We use cookies. Read the Privacy and Cookie Policy

Глава I. «АЗ ЕСЬМ ПОРОЖДЕНИЕ ГЛИНКИ»

22 августа 1850 года на сцене Александринского театра в Петербурге давали оперу Глинки «Жизнь за царя». Это был самый обыкновенный спектакль, шедший в мертвый сезон, когда светская публика еще не вернулась в столицу из поместий и с пригородных дач. И в то же время это был спектакль, единственный в своем роде. Гениальную оперу Глинки первый раз в жизни слушал в этот день десятилетний Петя Чайковский.

К театру подъехали незадолго до начала. За порогом великолепного здания сразу открывалось небывалое чудесное царство. Запахи духов, пыли, краски и гарного масла сливались в какой-то особенный театральный аромат. Сквозь разноголосый гул толпы проступали звуки настраиваемых инструментов оркестра. Вот флейта тоненько вывела крохотную певучую фразу. Вот осанисто прогудел бархатистым шмелиным гудением контрабас. И сейчас же послышалась скрипка, точно запела вполголоса грустную песню и стихла на полуслове, не договорив.

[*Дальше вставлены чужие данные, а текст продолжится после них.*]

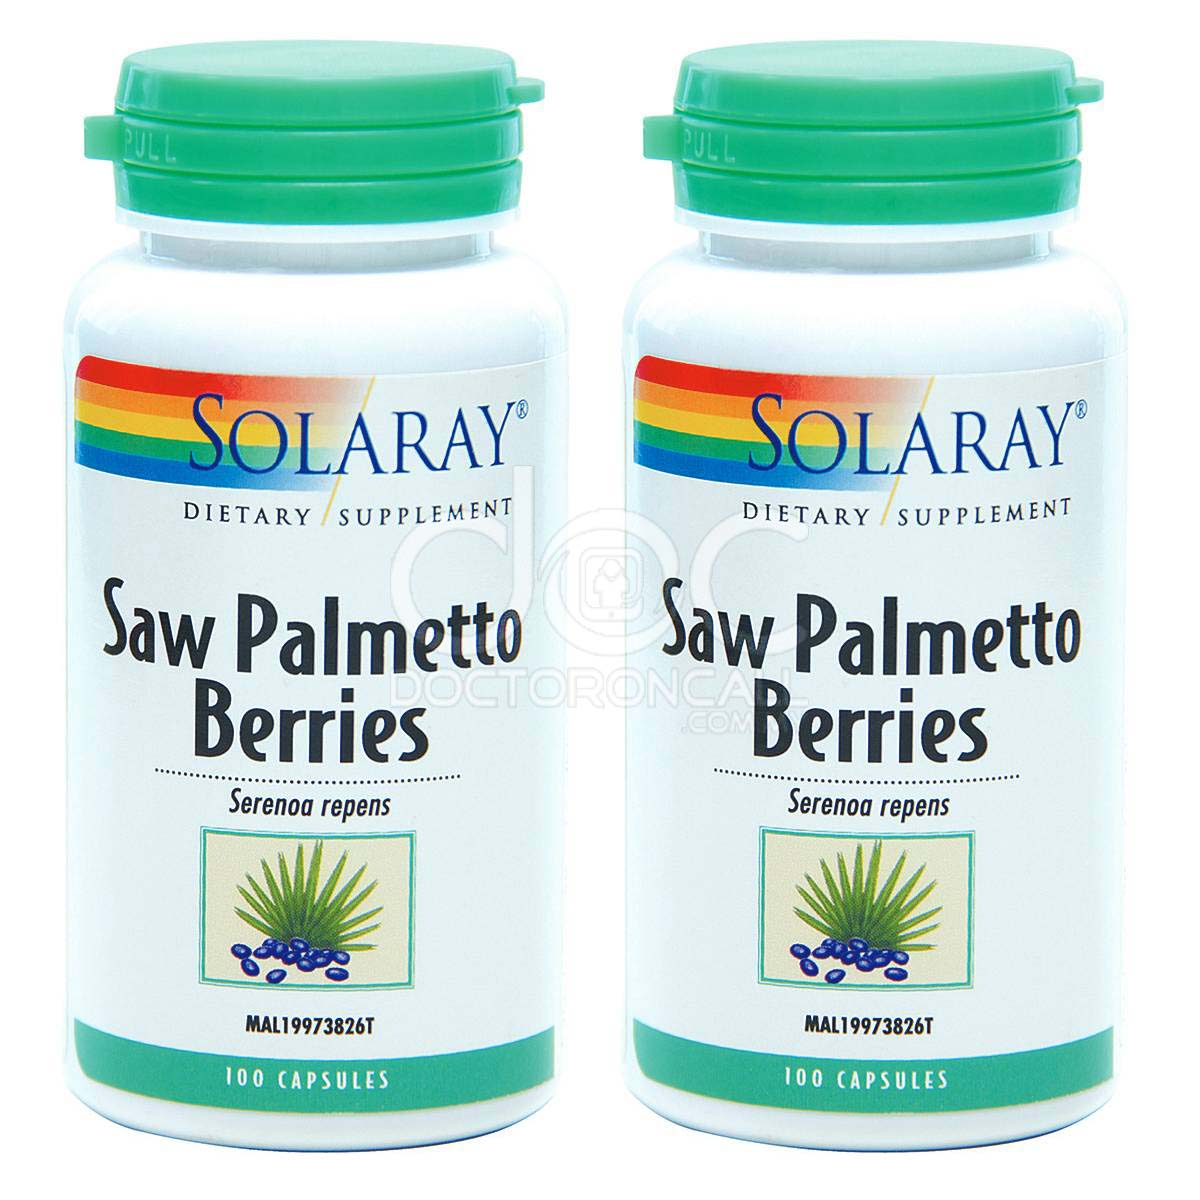 Solaray Saw Palmetto Berries Capsule 100s x2 - DoctorOnCall Online Pharmacy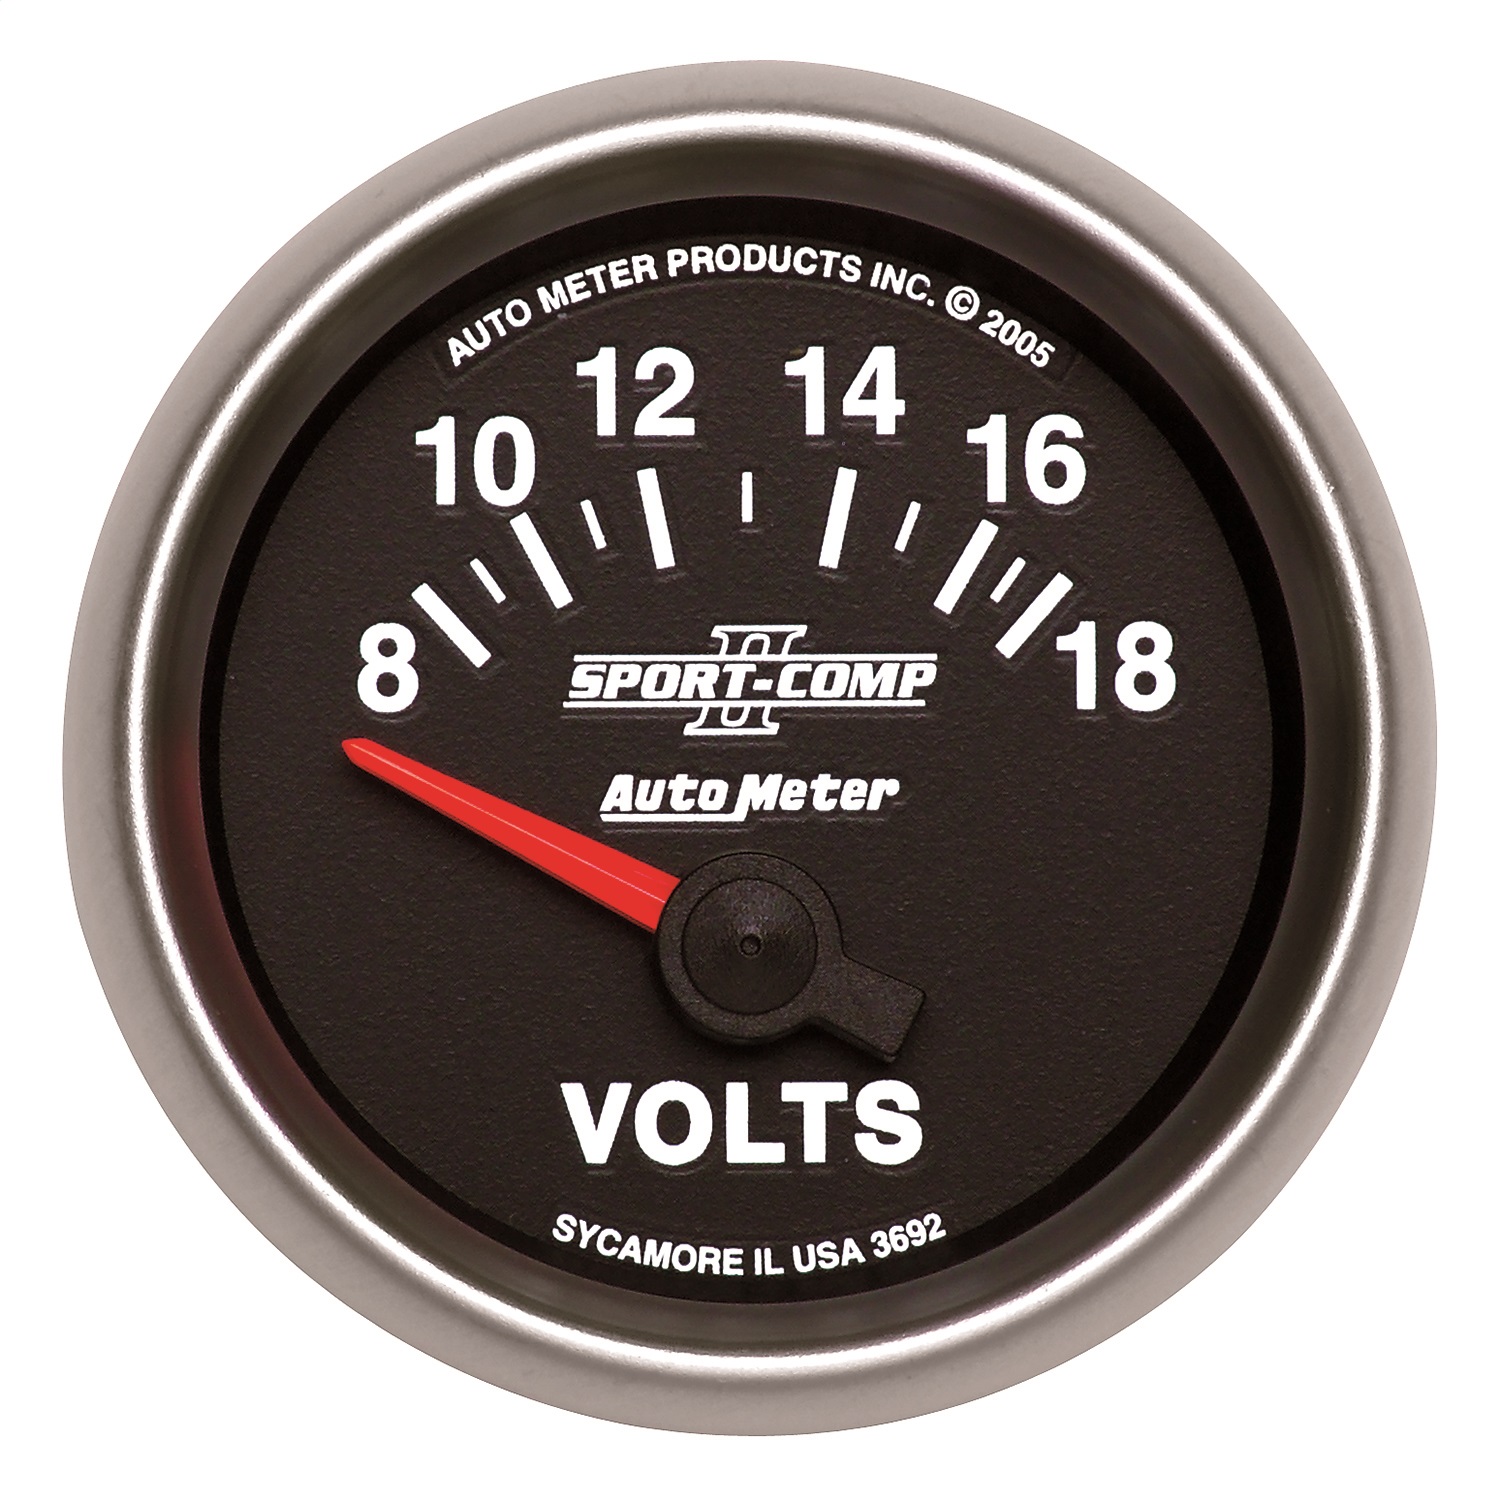 Auto Meter Auto Meter 3692 Sport-Comp II; Electric Voltmeter Gauge

Александра Андреевна Чайковская, окликнув своих замешкавшихся в коридоре сыновей, вошла в узкую пустую ложу. Старший стал прилежно разглядывать великолепно украшенную красно-золотую, залу театра и фигуры греческих божеств на потолке. Младший поместился около матери. Здесь, в ложе, ему еще слышнее стали звуки настраиваемых инструментов. Казалось, что они, как игрушки в старой сказке, улучив момент, принялись сами играть в музыку. Каждый старался за себя, не думая о других. Один забирался по лестнице звуков вверх и оттуда, словно расшалившийся сорванец, стремительно скатывался обратно. Другой, как прилежный школьник, твердил не дававшуюся ему фразу. Одобрительно, но не громко стукнул барабан — так! Вот так! Мальчик положил руки на бархатный барьер и наклонился над сияющей огоньками и золотом украшений бездной. Взгляд его побежал по рядам к сцене. И сразу зазвенел третий звонок.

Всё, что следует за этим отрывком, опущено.